Cal it a Wrath of Khan/Empire Strikes Back negative closing and how it makes you ponder where the story goes from there. Goblet of Fire pulled it off (even if the film lacked the multiple side stories that J.K. Rowling worked into the book).

So I picked up Order of the Phoenix and read it through – finding Rowling’s narration exquisite and the story compelling just as I found the first book to be. While I’ve read about the new movie (due out this summer) through Entertainment Weekly and about which side stories are shelved (Ron playing quidditch, Dobby the house-elf making a return, etc) there is enough going on to keep you interested.

And after seeing the International trailer for the film — I’m dying to see this adaption:

Deductable “Prestige”

Friday, March 2nd, 2007

Last year, there was a bit of a hoopla made out for Christopher Nolan’s The Prestige… A tale of dueling illusionists at the turn of the century. The castings of Christian Bale and Michael Caine made me think Nolan was tied up with his Bat-crew. Hugh Jackman being cast gave my fan-boy heart a lift. Wolverine vs. Batman! In turn of the century London! Bloody good show!

So when I read Stephen King lauding the film in Entertainment Weekly late last year, it just refreshed my desire to see this film and it’s “outstanding twist of an ending”.

(EDIT NOTE: King lauded The Illusionist. I suspected this and had rented the movie specifically because of it. It was my brother who made a big deal about The Prestige‘s twist ending)

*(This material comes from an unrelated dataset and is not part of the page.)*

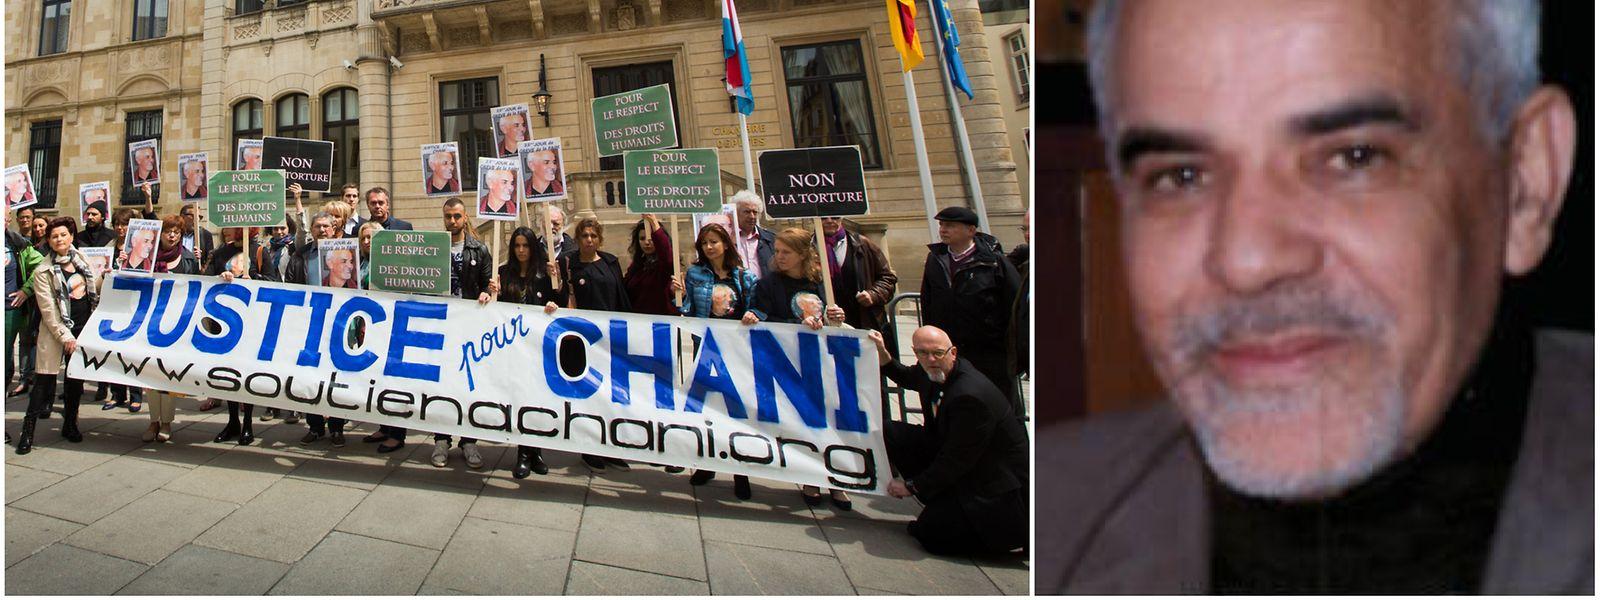 Ein Unterstützerkomitee demonstriert im Juni 2015 vor der Chamber für die Freilassung von Majdoub Chani.

A few weeks back, I watched The Illusionist with Edward Norton and after my older brother watched it — he told me it wasn’t shit compared to The Prestige. “There is a surprise ending. It’s awesome. I saw it in theaters, you have gotta get it when it comes out on DVD.”

Me and Michael usually can enjoy the same movies so I thought I would be in for a real treat by the time I got to see the film on DVD.

I’m still waiting for that “surprise ending.”

Maybe it was because of the tip offs that the ending had a twist, but more likely it was a failing of craftmanship by Christopher Nolan and his brother Jonathan (superb filmmakers, I’m just a blogging critic with no credibility) in trying to hide the ending. Hell, maybe they didn’t set out for it to be a surprise at all? Never the less, I wasn’t floored by the “fooling” that took place.

While I loved The Illusionist specifically for it’s cinematography (19th century Vienna done gorgeously), I loved Prestige more for it’s actors as I had said above. Jackman, Caine, Bale — a superb threesome at the top of the bill. Yet as the movie unfolds, the pairing of Caine and Jackman’s characters over and over again don’t seem to properly balance with Bale. In fact, Jackman and Caine came off like antagonists at times, while Bale’s character’s shroud of mystery was both too revealing and too charismatic. You knew things would turn around for him at one point and all you had to do was wait. Wait. Wait.

They didn’t really turn around but lets just say he won in the end, and the fact he did wasn’t a secret or a surprise ending. Anyone watching can deduct what was going to happen by simple banter between Bale and Jackman before the two illusionist trainees had their falling out.

Nolan’s tale is worth checking out even without my little clue listed below. It reaches across two continents and has a grand mixing of characters and incidents. But from the get go you could see enough to know the hook….

***SPOILER WARNING (vague but a Spoiler) ***

A total devotion to ones craft is mentioned early in the film, and like any mystery it’s the line that should stand out. In fact, this is something that should easily be deduced even before the film starts. Any magician has to put on a charade for the public. A grand charade both on and off the stage in order to convince people.

Dual personalities, dual physical characteristics and conditions, dual memories. Dual memories.

While someone forgetting what knot they tied around the hands of an assistant who gets killed tragically makes sense — the grief, the horror, the shock all taking it’s tole on the psyche — it makes more sense if you weren’t there at all when it happened. You need to make an excuse and your other persona needs to employ that excuse in order to keep your character believable.

***END SPOILER ***

Yeah, that’s not a clear revealing of the “surprise ending”. The movie is good enough to watch that you should. Just pay attention.